Verifying your connection

In this tutorial we will show how to connect to Dimensions on Google BigQuery using Python, so that we can then run a few sample queries.

Note

This tutorial is intended for people who want to query BigQuery via a notebook, but the SQL queries in this lab can also be run directly from the BigQuery console.

Prerequisites

In order to run this tutorial, please ensure that:

You have a valid Dimensions on Google BigQuery account and have configured a Google Cloud project.
You have some basic familiarity with Python and Jupyter notebooks.
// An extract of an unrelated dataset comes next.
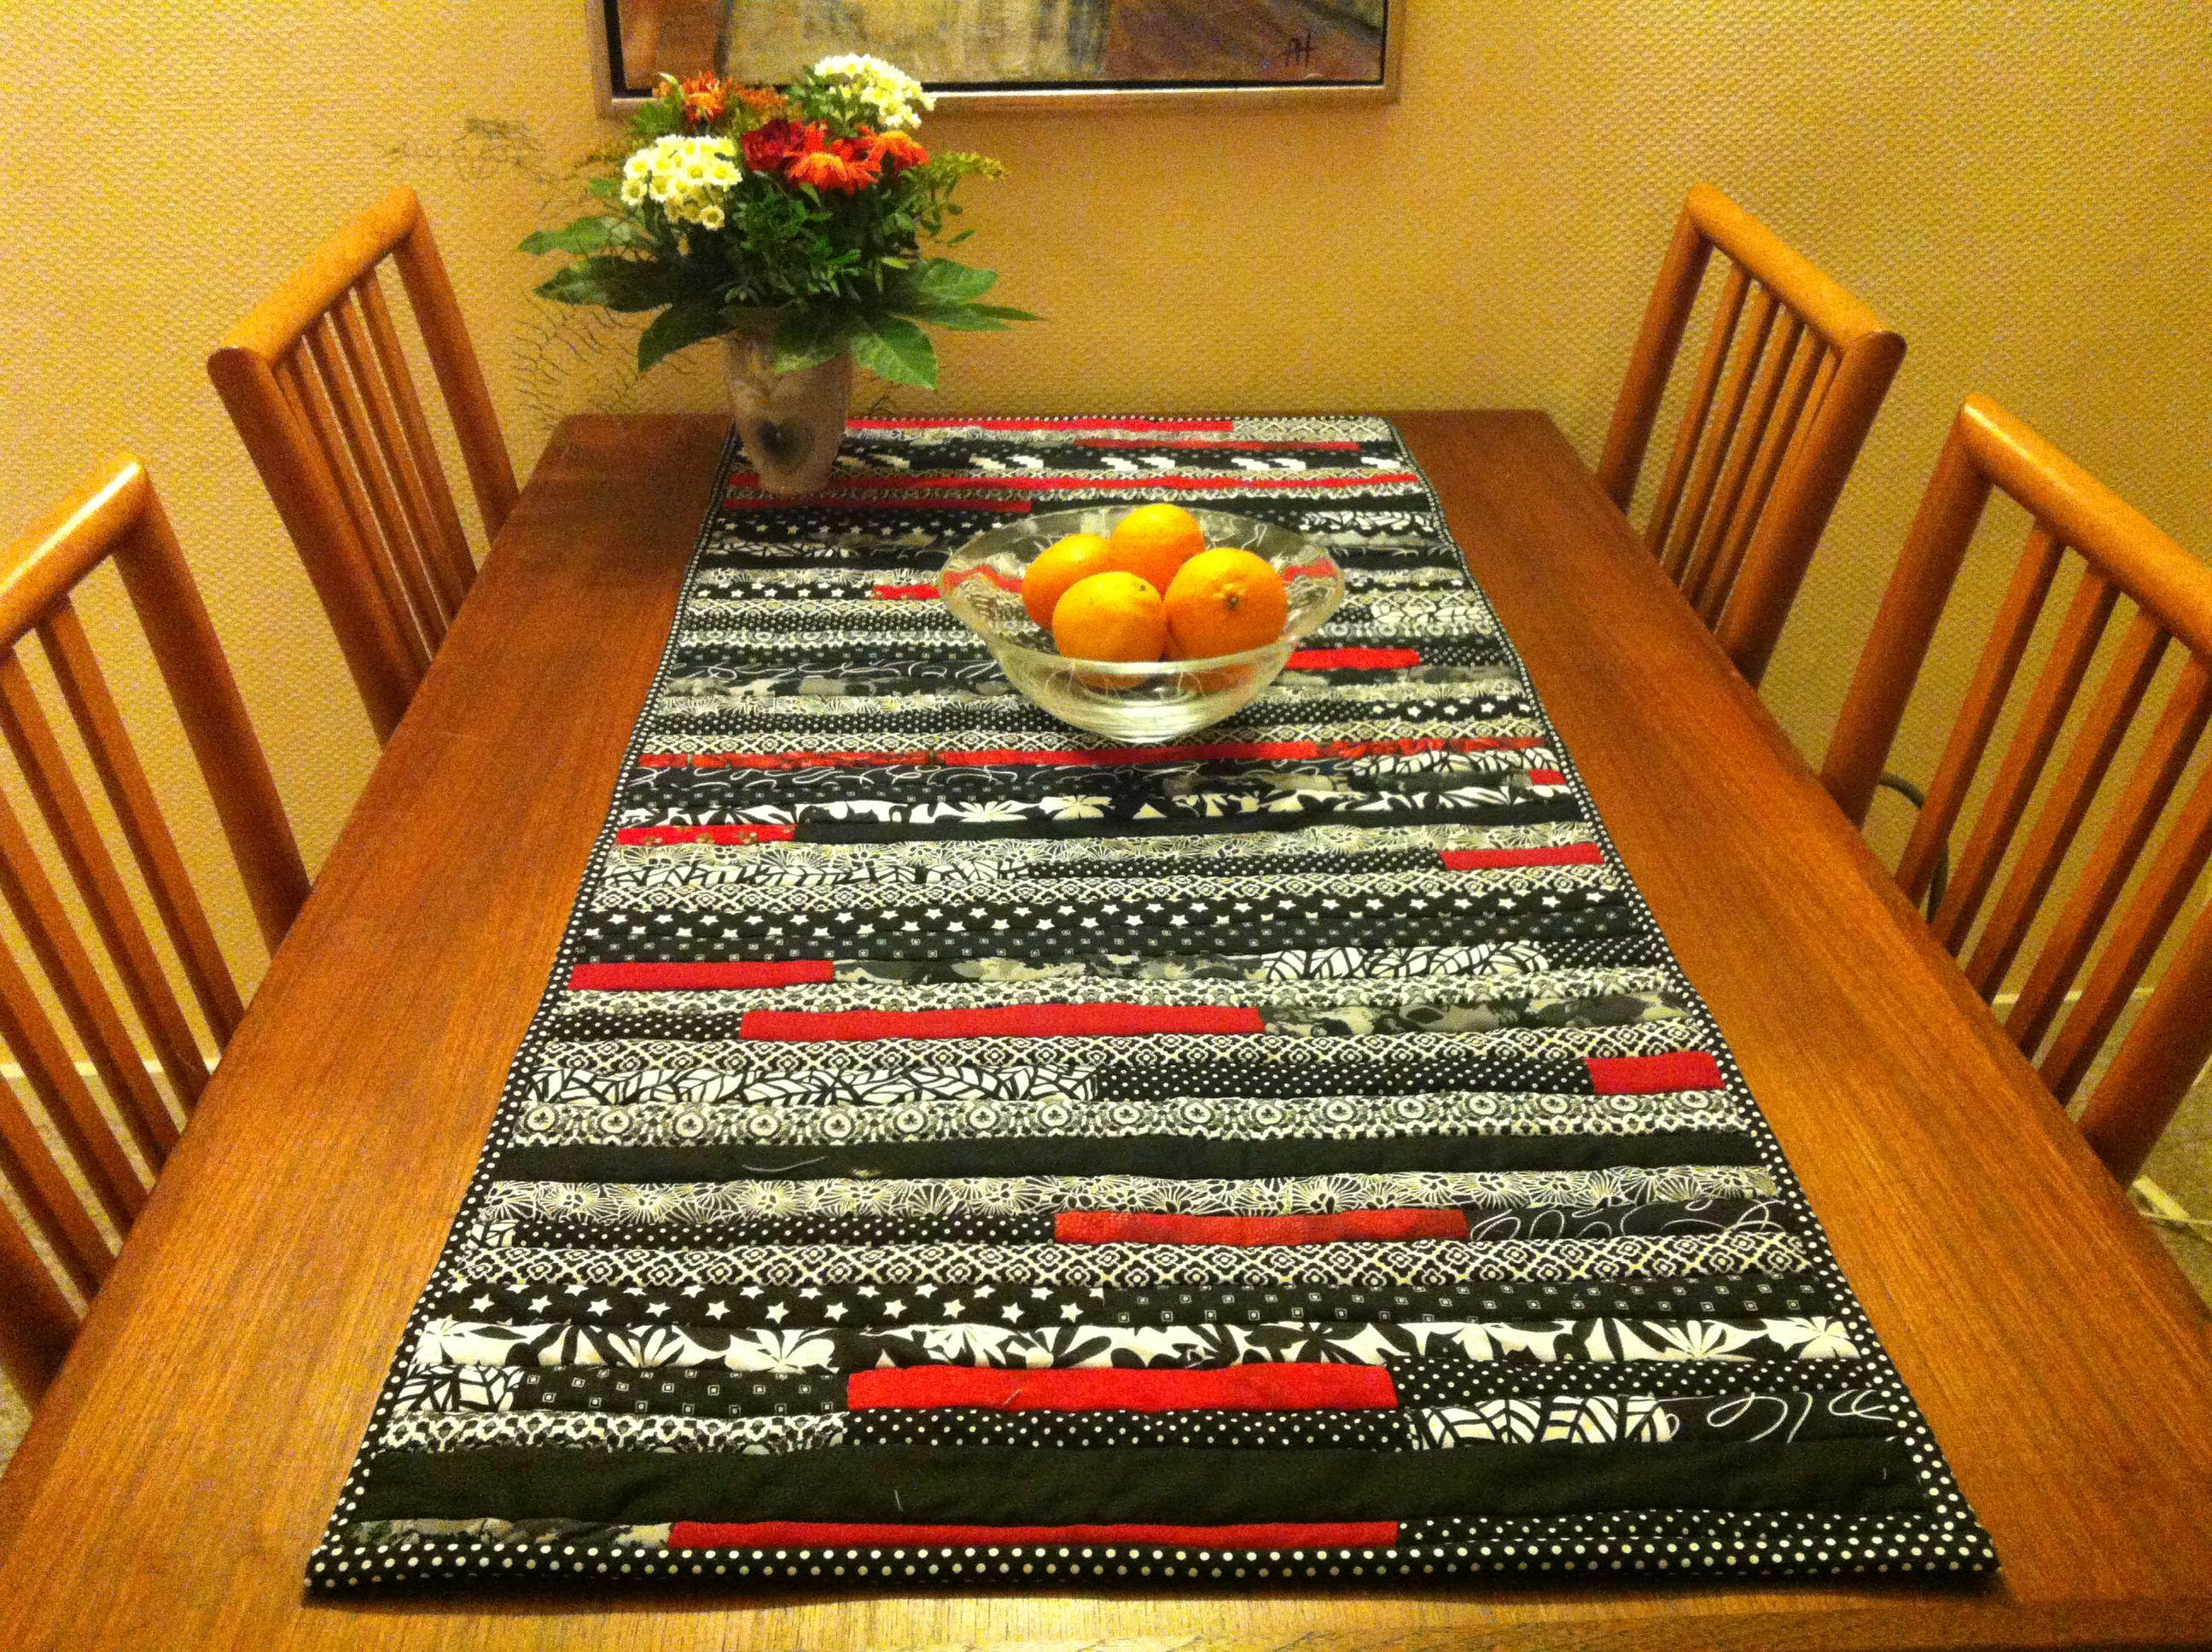 Bordløber quiltet på rullemadras
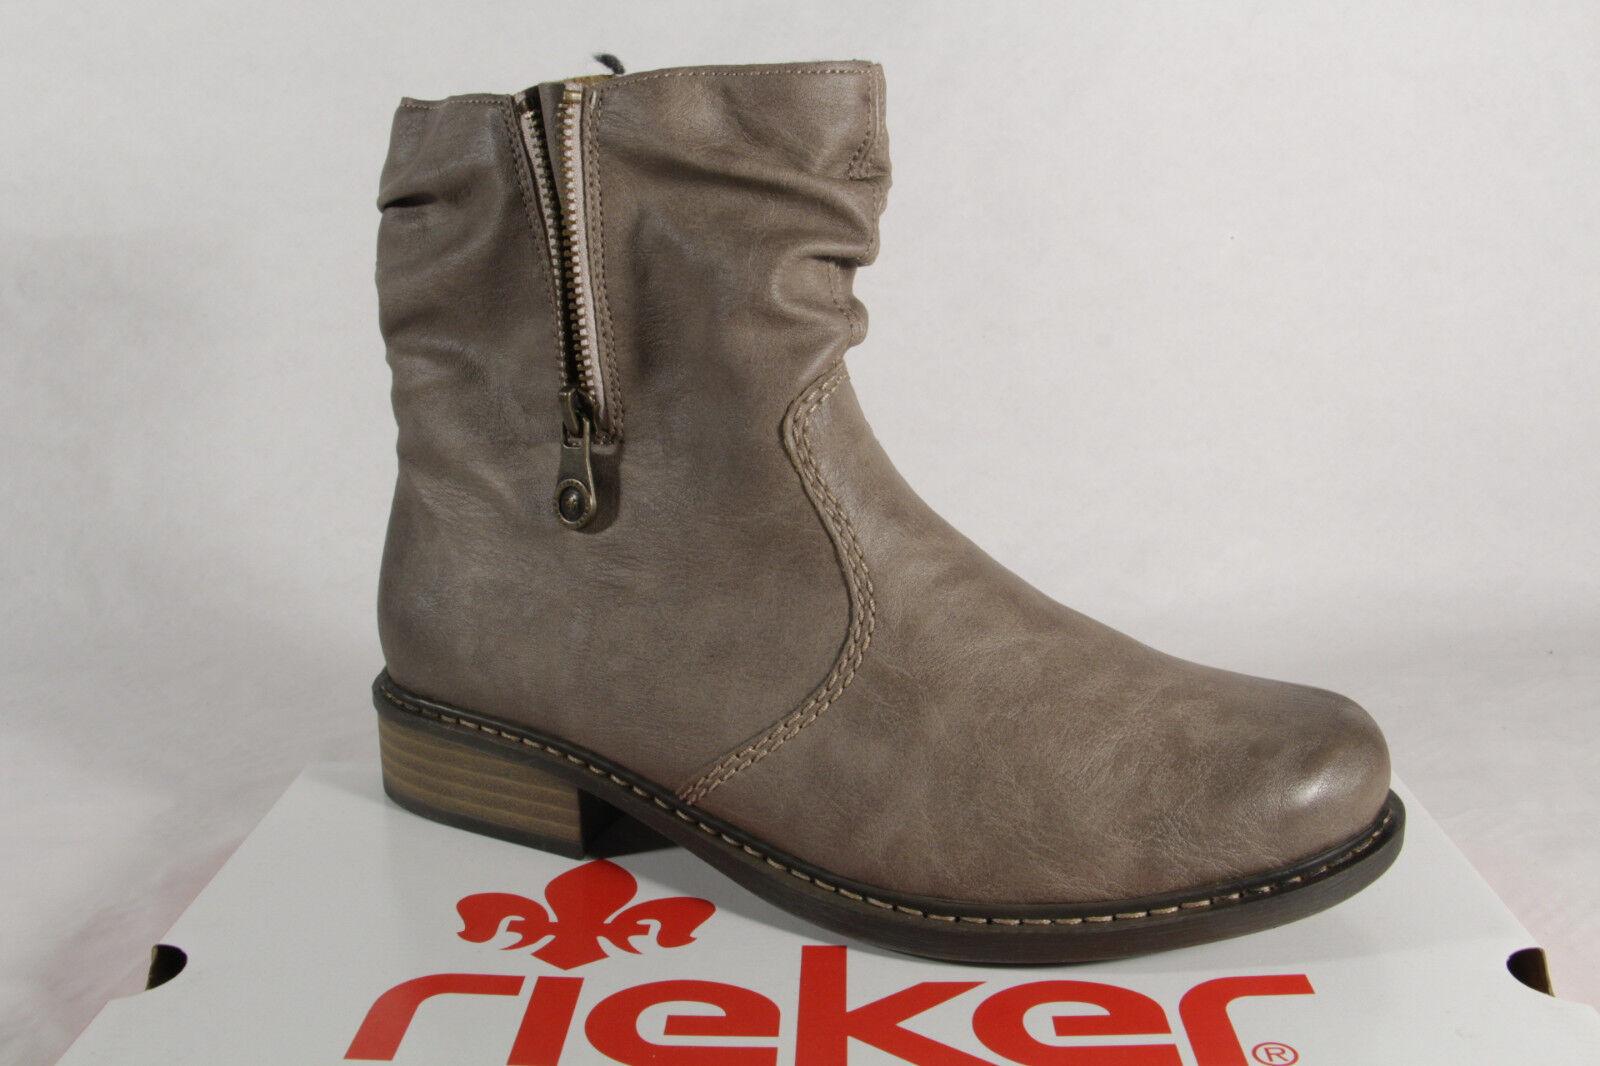 risparmia fino al 70% di sconto Rieker Z4157 Stivali Stivali Stivali Donna Stivaletti Beige Nuovo  i nuovi stili più caldi

(This tutorial is based on a Jupyter notebook that is available directly via GitHub.)

Connection methods

There are a few options available:

Use Google Colaboratory and your personal credentials. This option is the simplest of all, as it doesn't require you to install anything on your computer. It is normally ok for small to mid-sized projects that can live in the cloud.
Use a local Jupyter environment and your personal credentials. This option requires you to install the Google Cloud SDK in order to authenticate. It is the best option if you want to work locally and/or have other Python libraries or services that you need to access.
Use a local Jupyter environment and a service account. This option is really a variance on the option 2, for those users that must use a service account.

NOTE All of these options require you to first set up a GCP project (if you haven't done it already) and provide your project ID. E.g.:

MY_PROJECT_ID = "my-cool-gbq-project"

Option 1: using Google Colaboratory and your personal credentials

Google Colaboratory is a free cloud-based Jupyter environment from Google. This option provides an easy service allowing you to get started with notebooks.

Using your Google Account you can create notebooks, execute BigQuery queries and share these with other Google Accounts quickly and easily.

# authentication happens via your browser
from google.colab import auth
auth.authenticate_user()
print('Authenticated')

MY_PROJECT_ID = "my-cool-gbq-project"
from google.cloud import bigquery
client = bigquery.Client(project=MY_PROJECT_ID)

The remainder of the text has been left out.